7.2 Sequências Iniciadas e Levadas ao Tópico Saúde pelas Gestantes e/ou

8.1.2 Avaliações

O primeiro excerto desta subseção é parte de uma ecocardiografia de um feto de 24 semanas. A gestante apresenta diabetes gestacional e pressão alta. Trata-se do final da fase do exame.

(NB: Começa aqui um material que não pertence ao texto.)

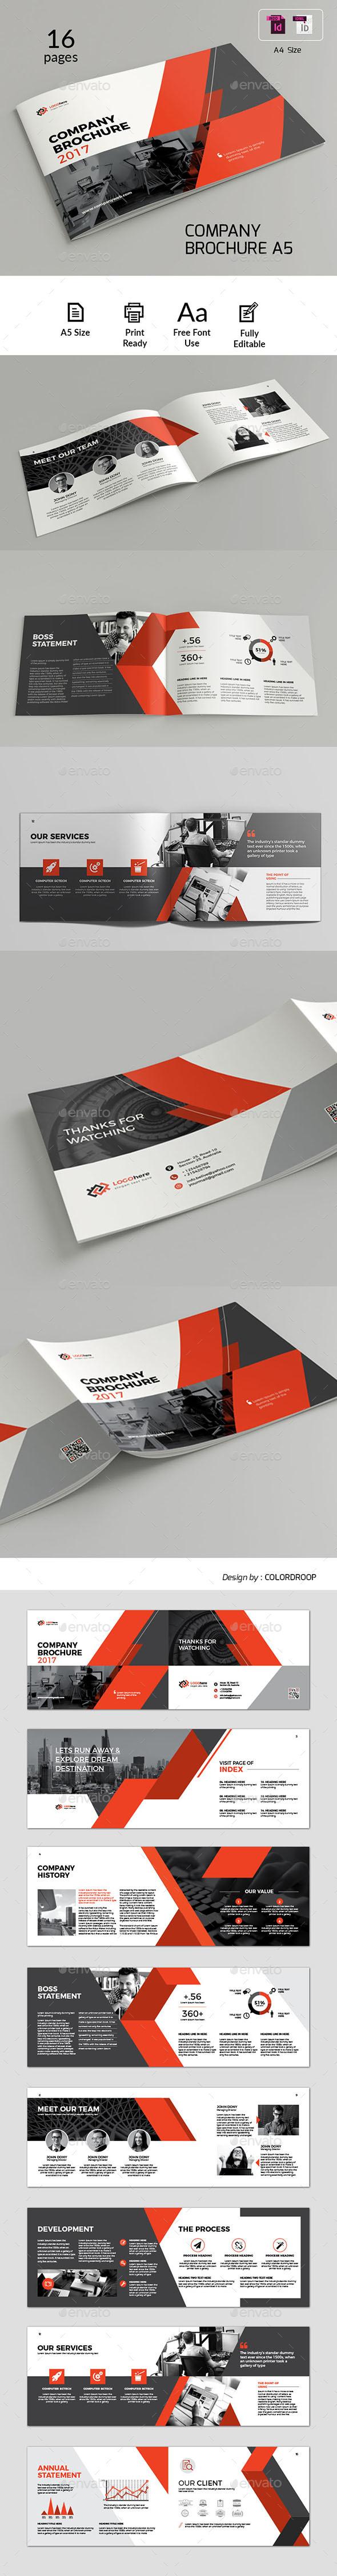 A5 Landscape Brochure - Corporate Brochures

Excerto 35: HMF_ECOCARDIO_kamile_LUANA_12_03_14 B_9m50V méd >>est.-->>

1 (8.3)

2 MÉD: tudo perfeito coraçãozinho dele ↑to:do direiti:nho, 3 GES: ai que bom=

5 MÉD: =ººtudo bem legalºº

6 (2.4)

A profissional, com a imagem estabilizada, oferece uma avaliação geral sobre a condição do coração fetal (l. 2), iniciando com uma avaliação mais abrangente (“tudo perfeito”) e especificando que o “o coraçãozinho fetal” está “todo direitinho”. Contudo, diferentemente do que ocorre nos excertos da subseção anterior (8.1.1), em que as/os profissionais apresentam a informação do peso fetal e, então, avaliam-na, aqui a profissional não oferece detalhes do que seria um “coração todo direitinho”.

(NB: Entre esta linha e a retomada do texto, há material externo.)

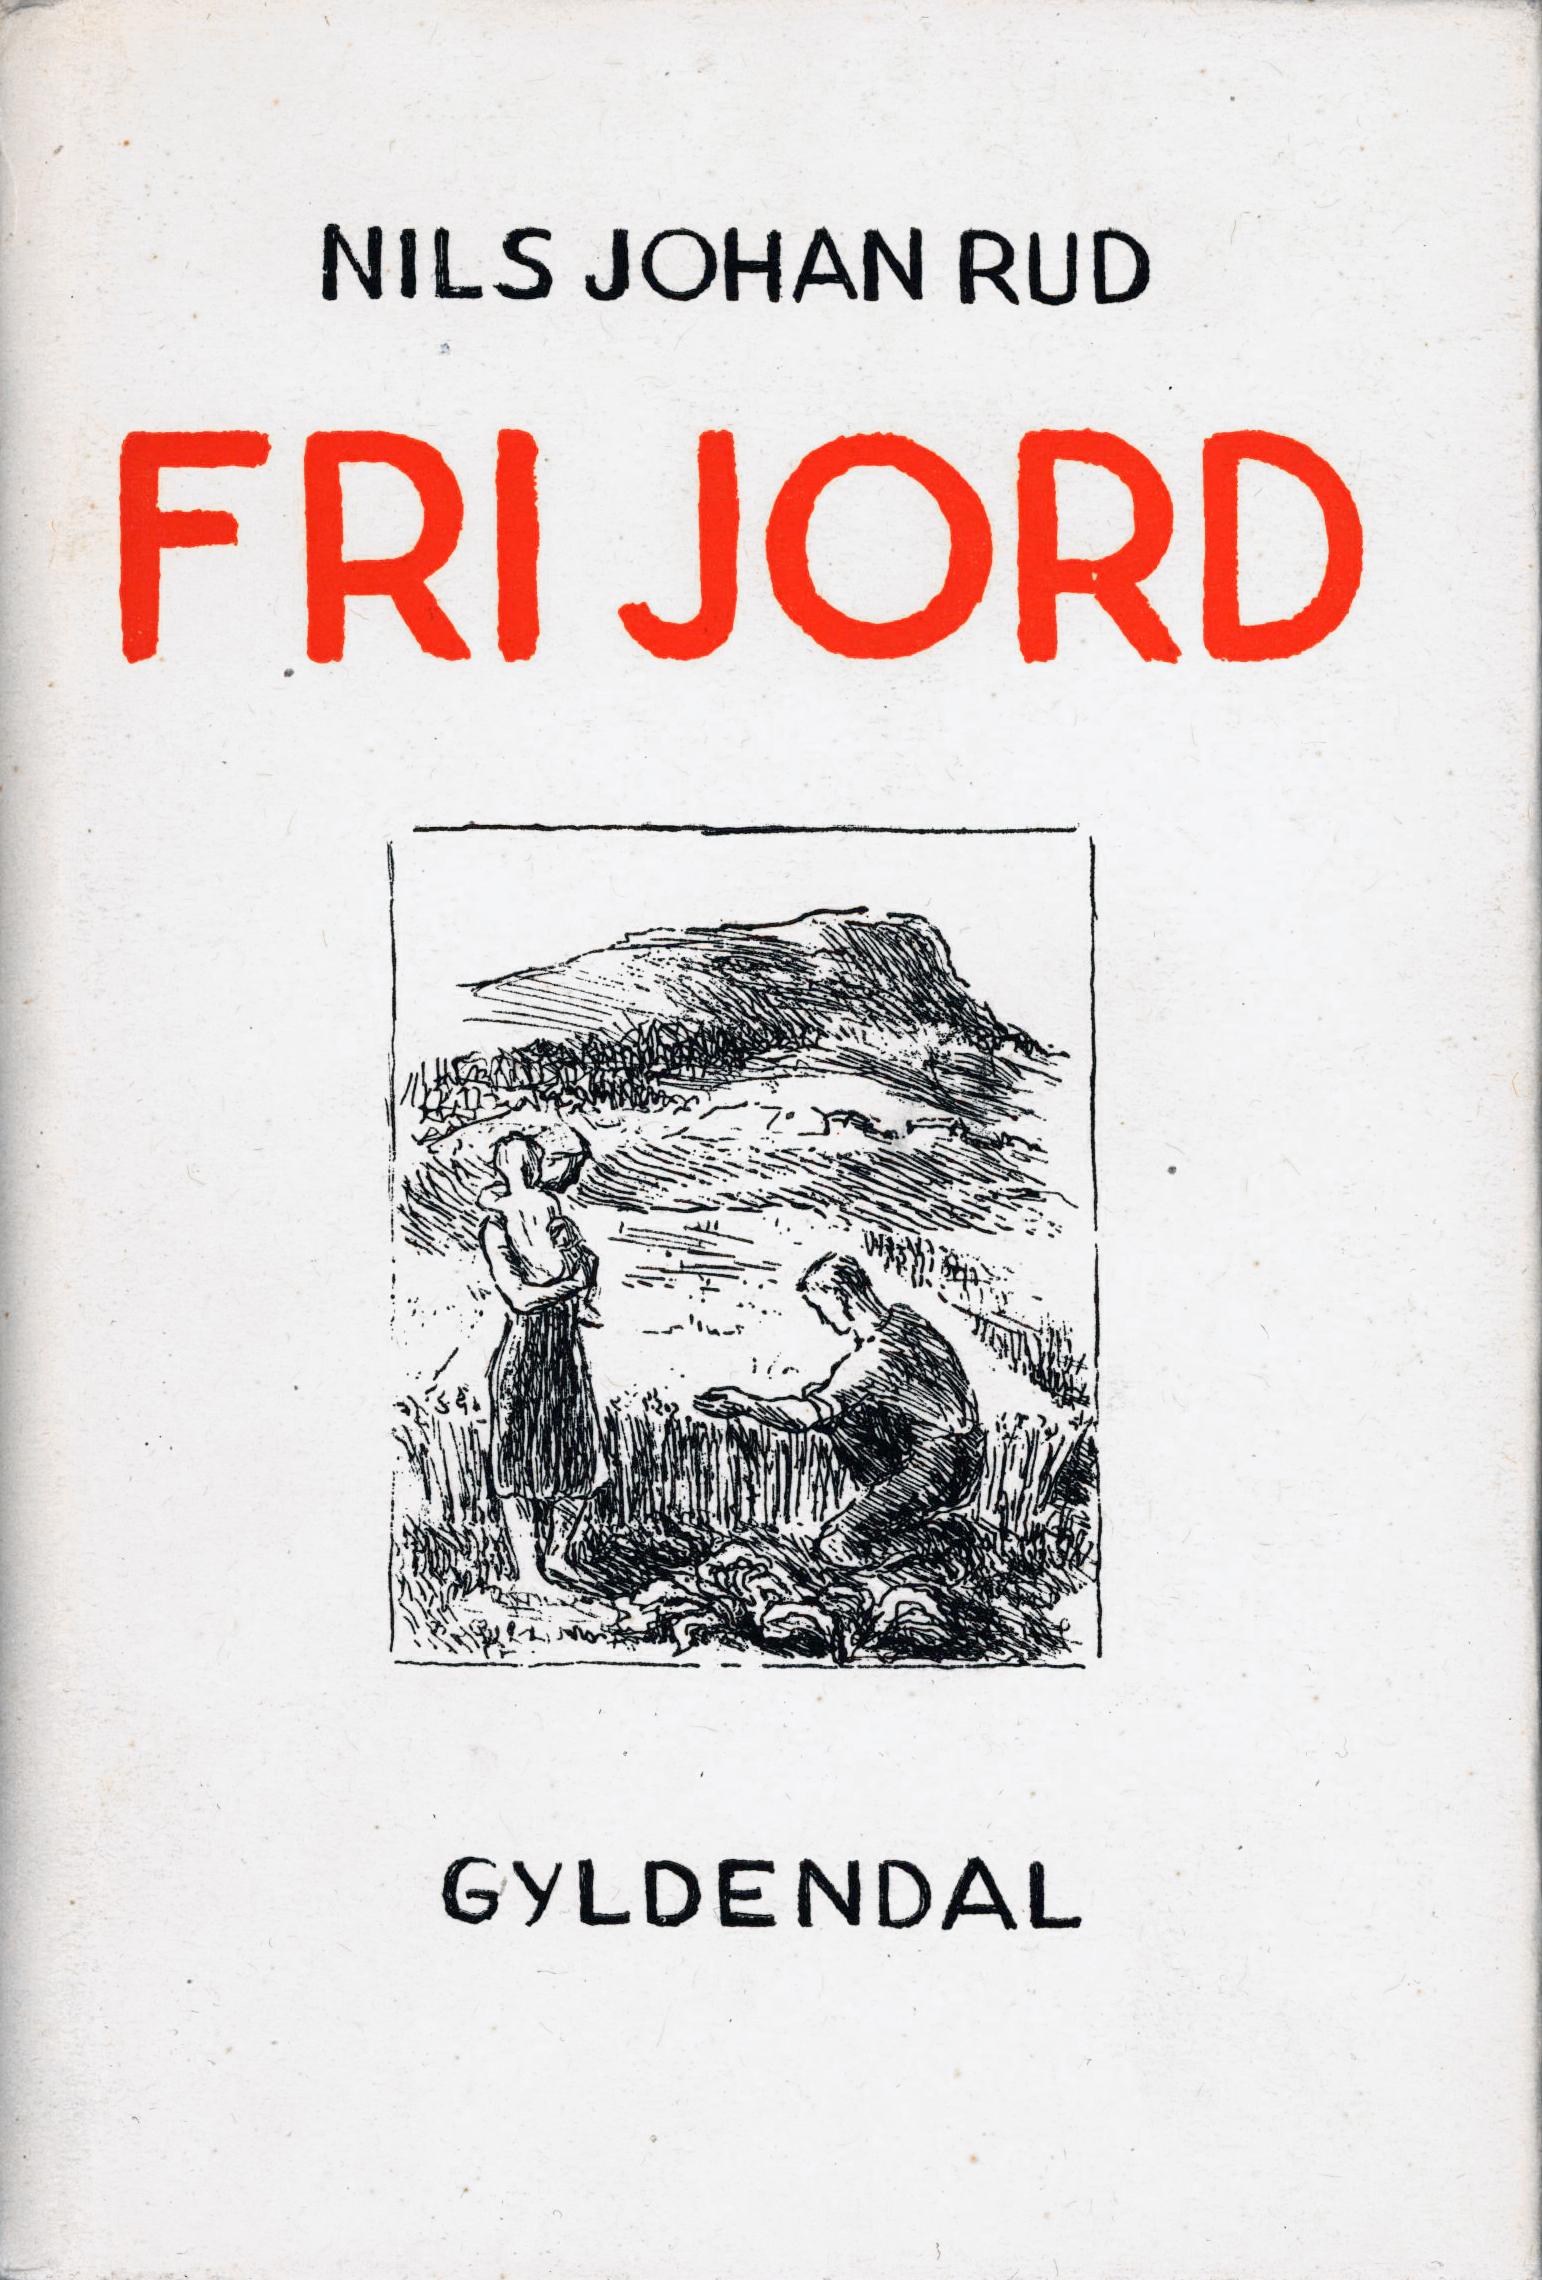 Nils Johan Rud: Fri jord

Quando se trata de formação cardíaca, a profissional se orienta para a falta de conhecimento técnico das gestantes e acompanhantes sobre o assunto e, caso tudo esteja bem, só avalia o resultado positivo do exame, sem anunciar todos os fatos que constituem um “coração todo direitinho”. Por outro lado, quando se trata da informação “peso” fetal, as/os profissionais se orientam para o conhecimento das gestantes e acompanhantes sobre o valor da medida em gramas e oferecem essa informação, combinada a uma avaliação ou não.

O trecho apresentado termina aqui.